Comment 2 Jerry James 2014-06-13 21:19:45 UTC
I reduced this to the following nonsense code, which exhibits the same behavior:

#include <stdio.h>
#include <stdlib.h>

inline static long ell_get_type(long *e) { return ((long **)e)[14][1]; }

static int
ell_over_Fq(long *E)
{
  long t = ell_get_type(E);
  return t==3 || t==4;
}

long *
ellmul(long *e)
{
  if (ell_over_Fq(e))
    {
      if ((((unsigned long)(e[0])) >> (__WORDSIZE - 7)) == 5U)
	return &e[1];
      else
	return e;
    }
  return e;
}

int
main ()
{
  long gen_0[2] = { 0x0200000000000002, 2L };
  long e[2] = { 0x2200000000000002, (long) gen_0 };

  ellmul(e);
  puts ("Successful completion");
  return EXIT_SUCCESS;
}

But this is bogus, because e, to which ell_get_type() is applied, doesn't have 14 elements.  It has 2.  The real problem is that we're walking off the end of an array, which somehow manifests as the strange error where the long int t is somehow treated as a pointer.  That may be a gcc bug, but nevertheless, there is a pari bug here, too.  In the case of the input given above, the real pari ell_get_type() function is called on an array of length 6.

Note that if 14 is changed to 1 in this example, the program completes successfully.

Comment 3 Paul Howarth 2014-06-24 15:35:00 UTC
Upstream says:

 "The correct syntax for both versions is
  E = ellinit([0,1,0,2,-15]);
  ellpow(E,[2,1],5)

  Of course, it should report an error instead of crashing."

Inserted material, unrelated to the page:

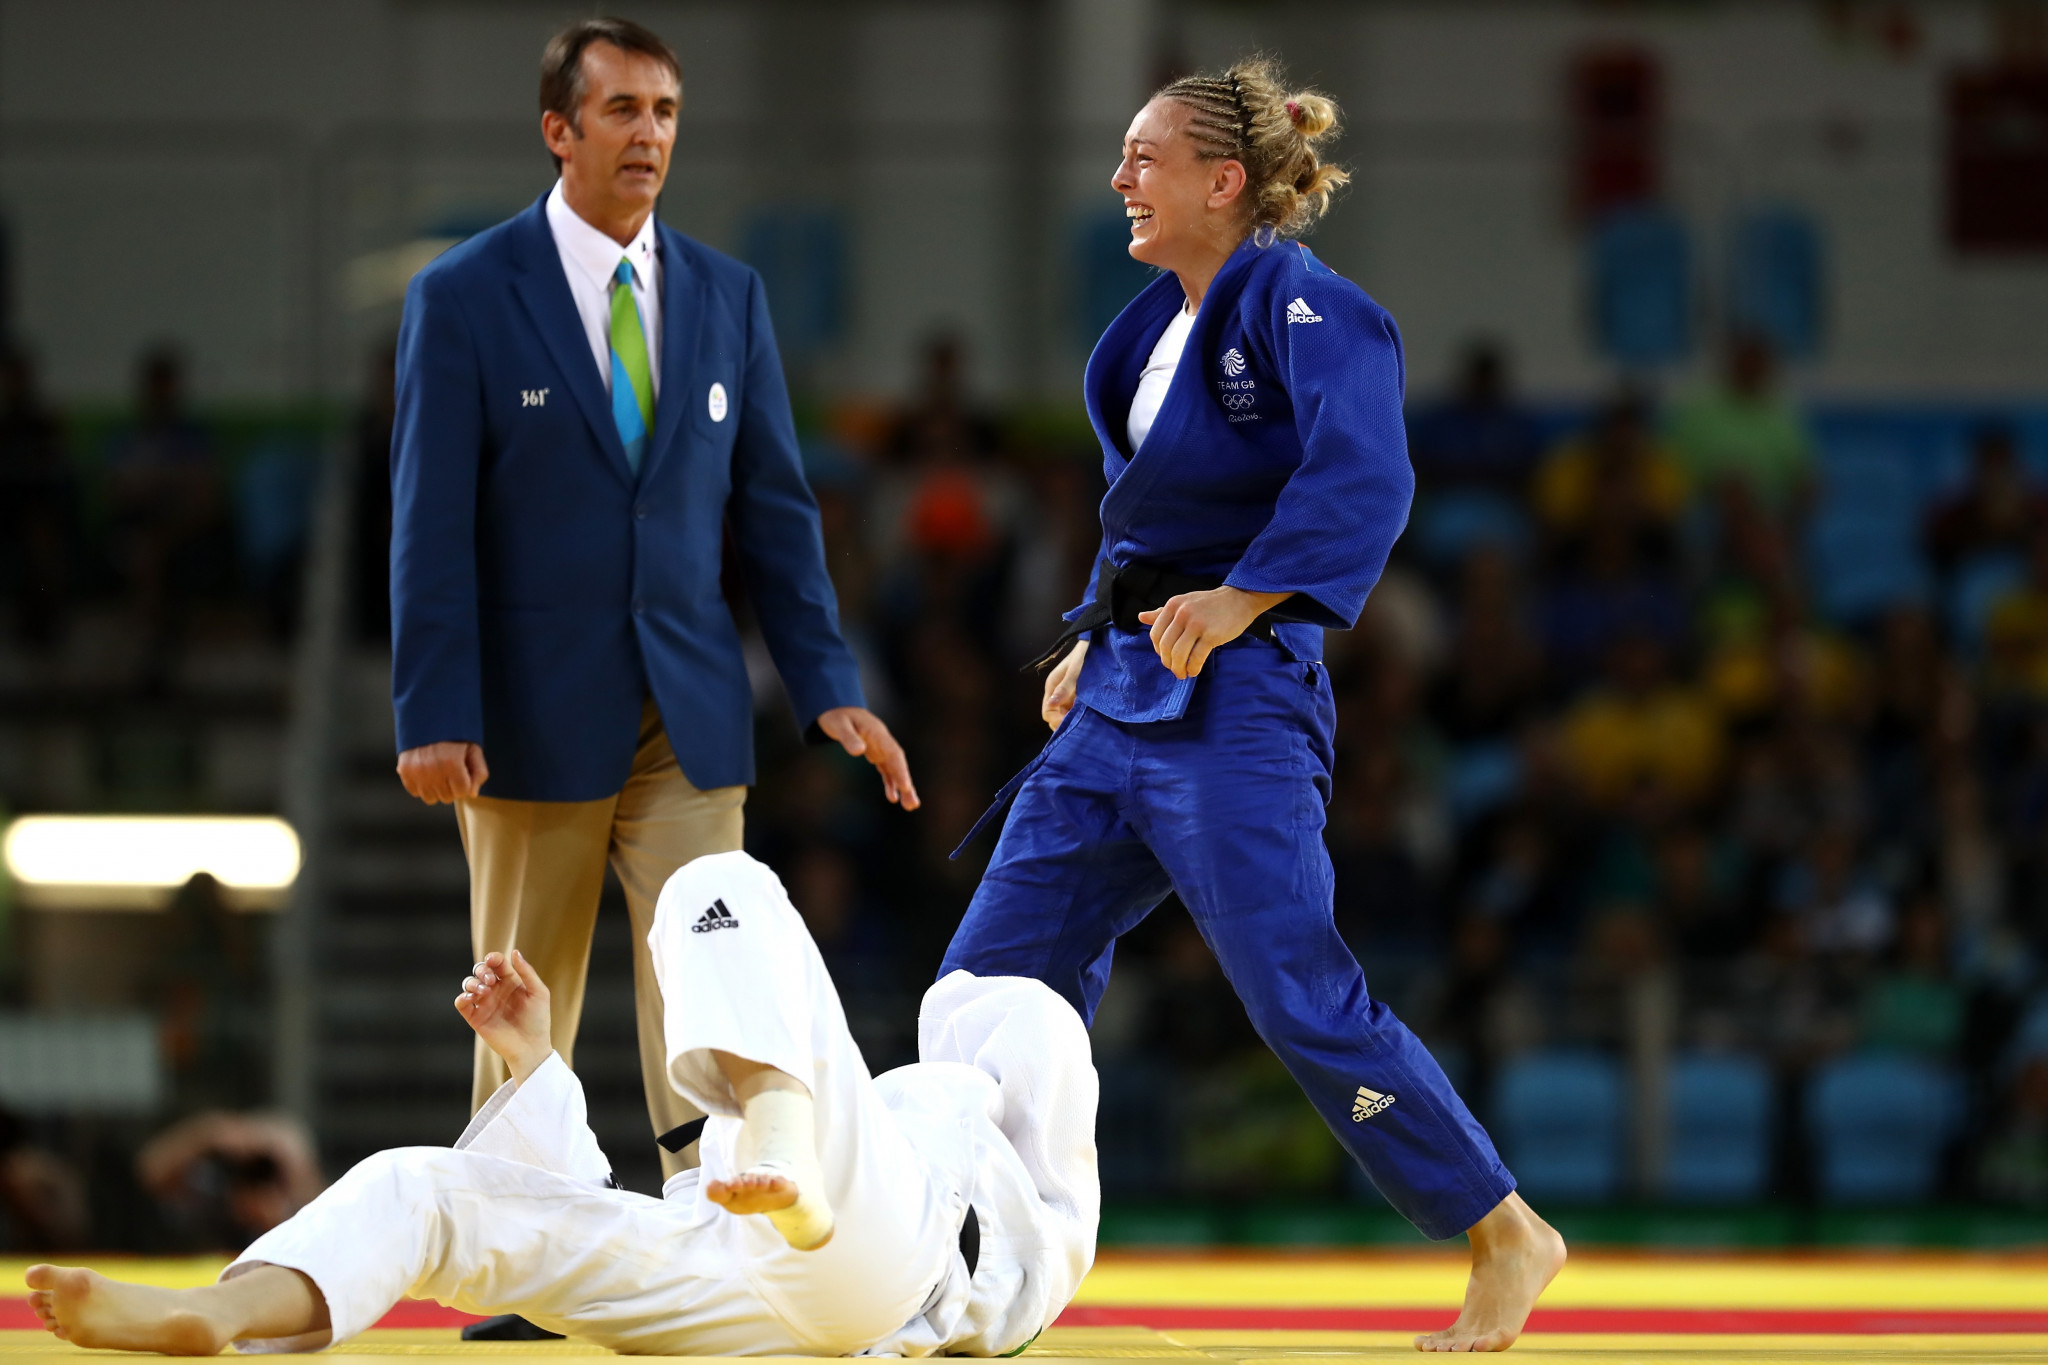 Olympic bronze medallist Conway headlines British Judo's team for 2018 Paris Grand Slam

Comment 4 Paul Howarth 2014-07-07 14:32:48 UTC
Upstream fix that will be in pari 2.7.2 is included in pari-2.7.1-4.fc21, resolving this issue.

Code relying on use of this syntax will need to be fixed to use the preferred format from Comment #3 if it will need to work with pari 2.8 onwards, which will treat the original syntax as an error.